Kilgore was founded in 1872 when the International–Great Northern Railroad completed the initial phase of rail line between Palestine and Longview. The rail company chose to bypass New Danville, a small community about 10 mi southeast of Longview, in lieu of a new townsite platted on 174 acre sold to the railroad by Constantine Buckley Kilgore, the town's namesake. That way the railroad gained the profits from sale and development of these lands.

During this time Kilgore was only a local train farm depot, serving mostly as a central hub for the agricultural communities around it. Farmers relied on the trains to transport crops and livestock, linking Kilgore to larger markets beyond the local area. The town’s economy and activity revolved around this simple depot function.

The new town received a post office in 1873 and, with a station and transportation for getting commodity crops to market, soon began to draw residents and businesses away from New Danville. By 1885, the population had reached 250, and the community had two cotton gins, a church, and a school (for white children only).

===Lynching of Nick Adkins (1889)===
On the night of February 7, 1889, a Black man named Nick Adkins was killed by a mob near Kilgore in what is documented as a racially motivated lynching. The mob, described as "White Caps", consisted of five or six men disguised in "women's clothing" and "sheets" with eyeholes cut out.

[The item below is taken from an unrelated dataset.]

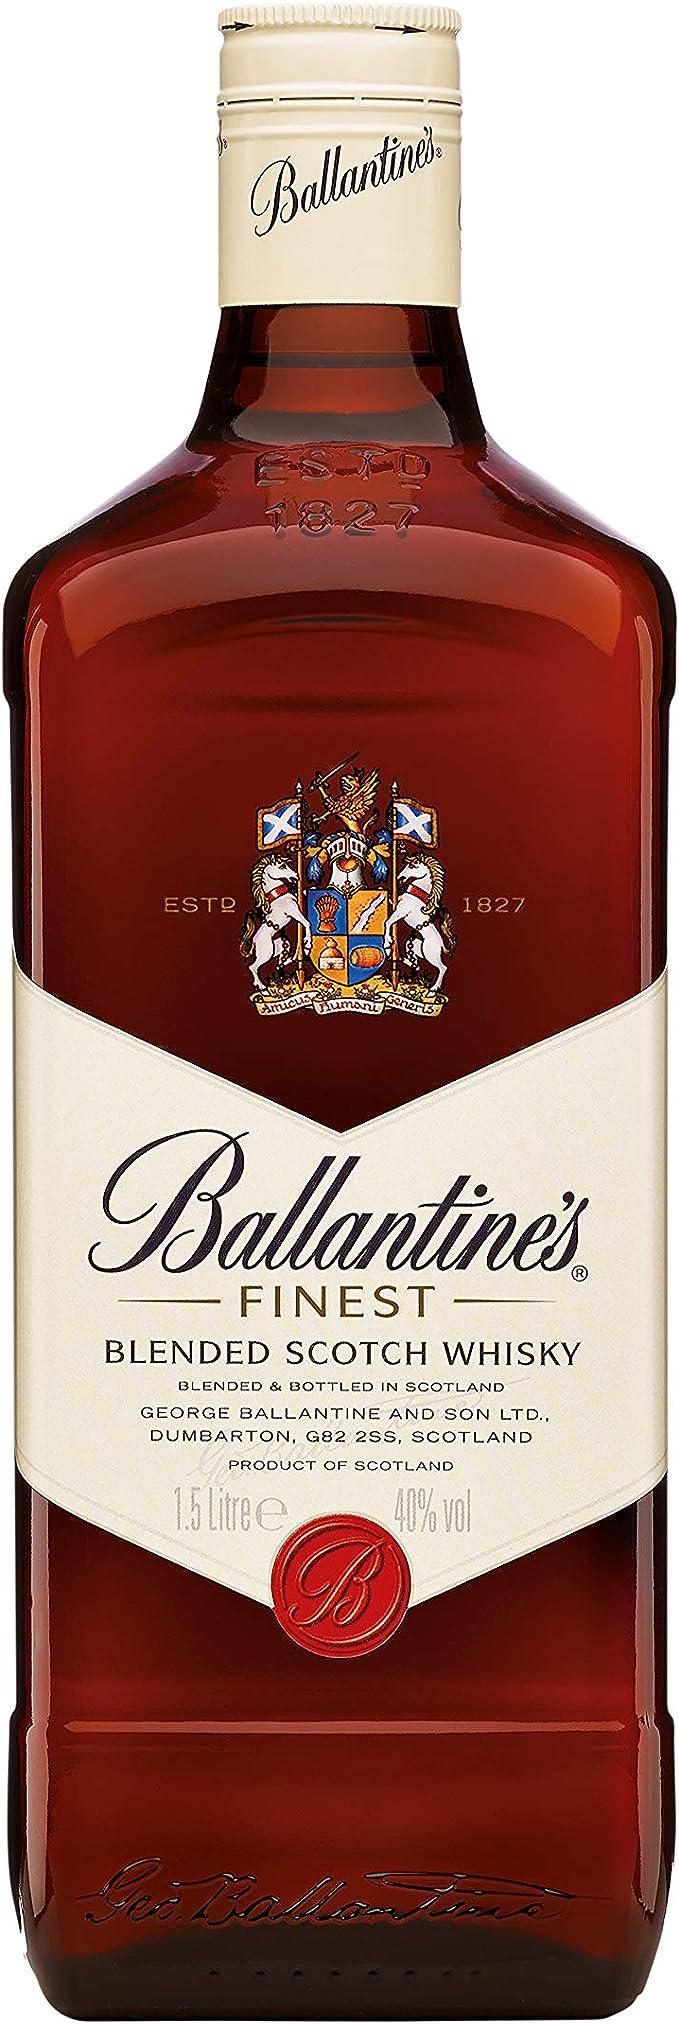 Ballantines Finest Whisky Escocés de Mezcla - 1500 ml
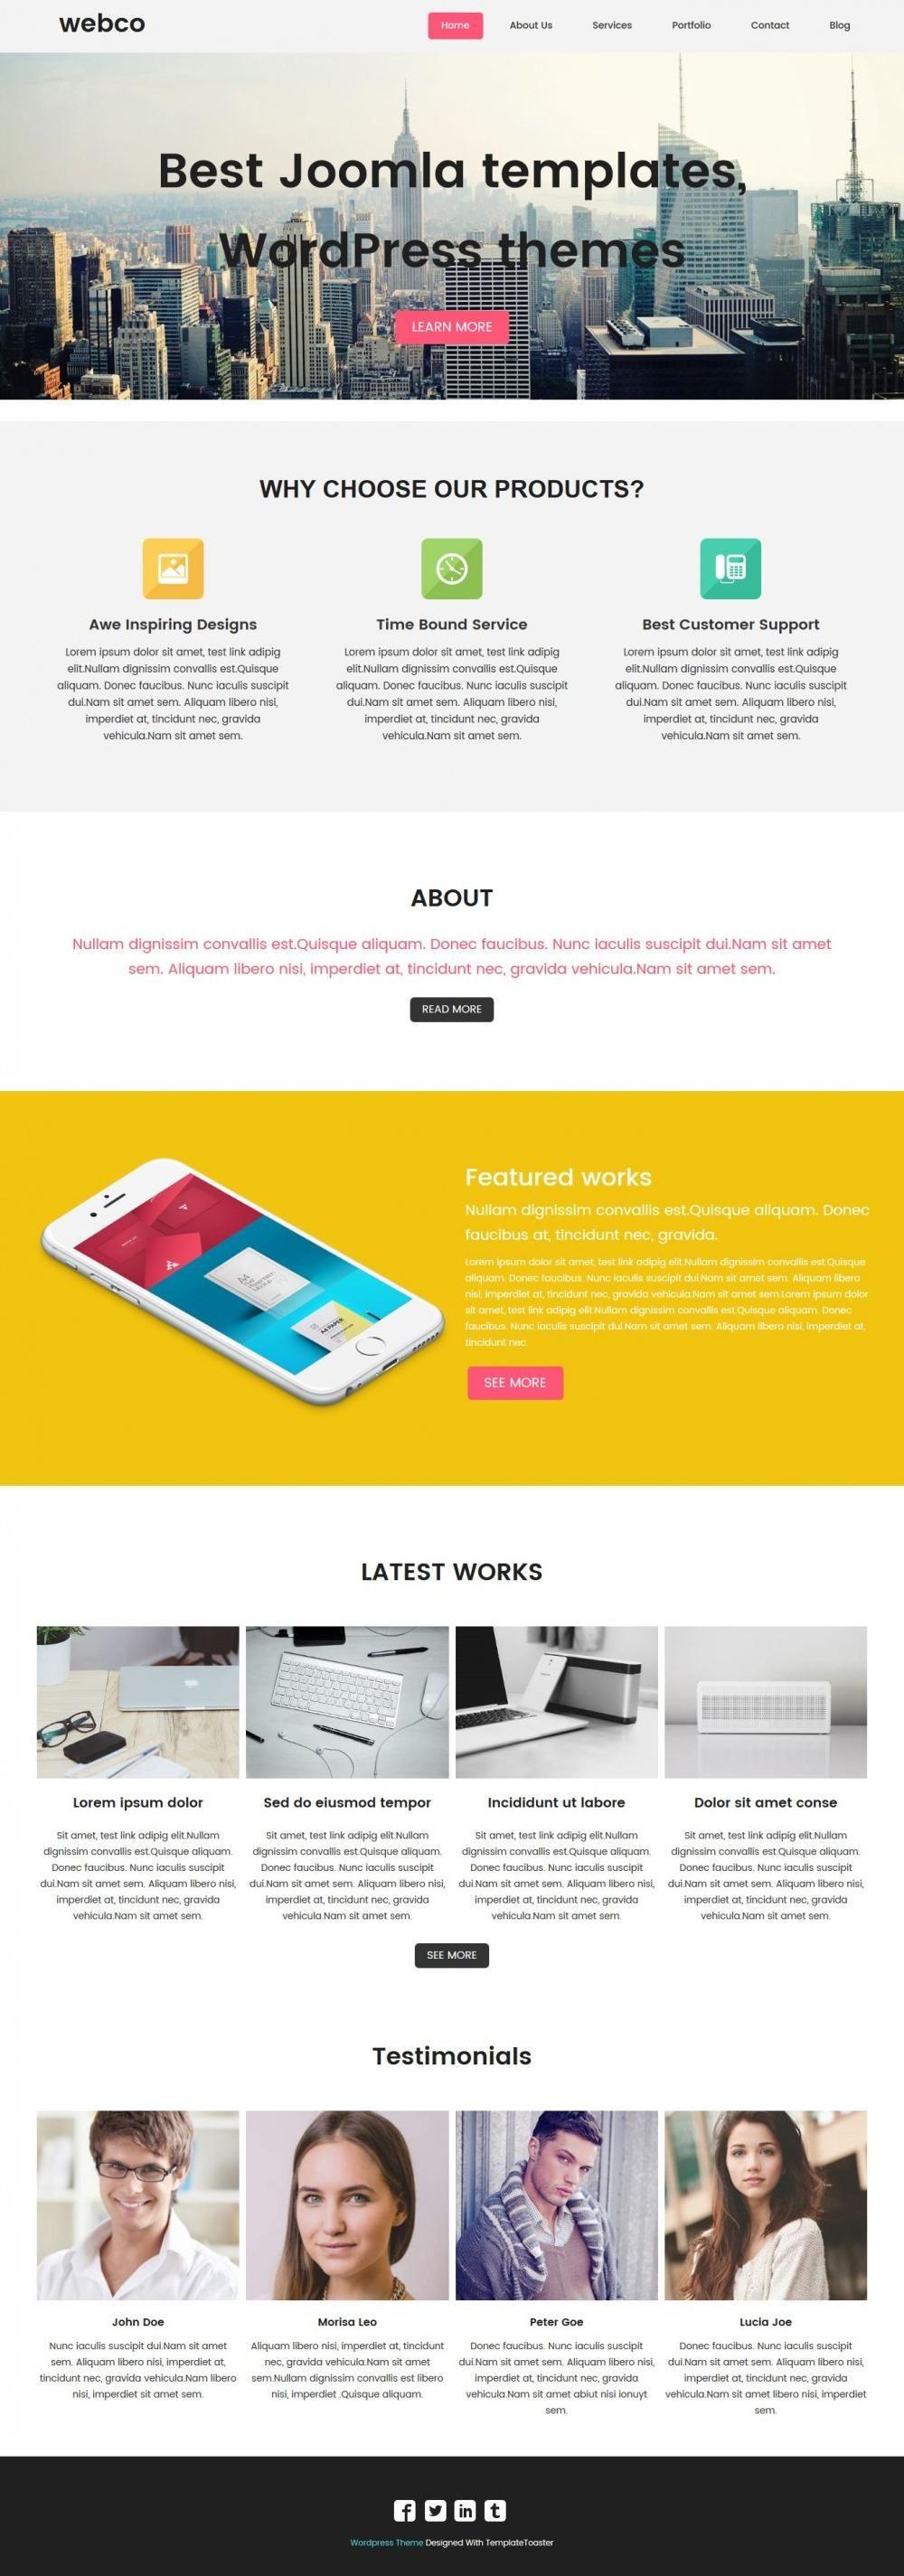 Webco - Free WordPress Theme For Web Design Agencies

The perpetrators' target was a white schoolteacher named James Serins, who had taught at a local school for Black children for eight years and boarded at the home of Peter Strong, a local Black resident. The mob's intent was believed to be to either kill Serins or scare him out of the area. However, Serins was not at the house that night. When the mob attacked the home, Nick Adkins leapt from his bed in an attempt to escape and was "shot six times" and killed.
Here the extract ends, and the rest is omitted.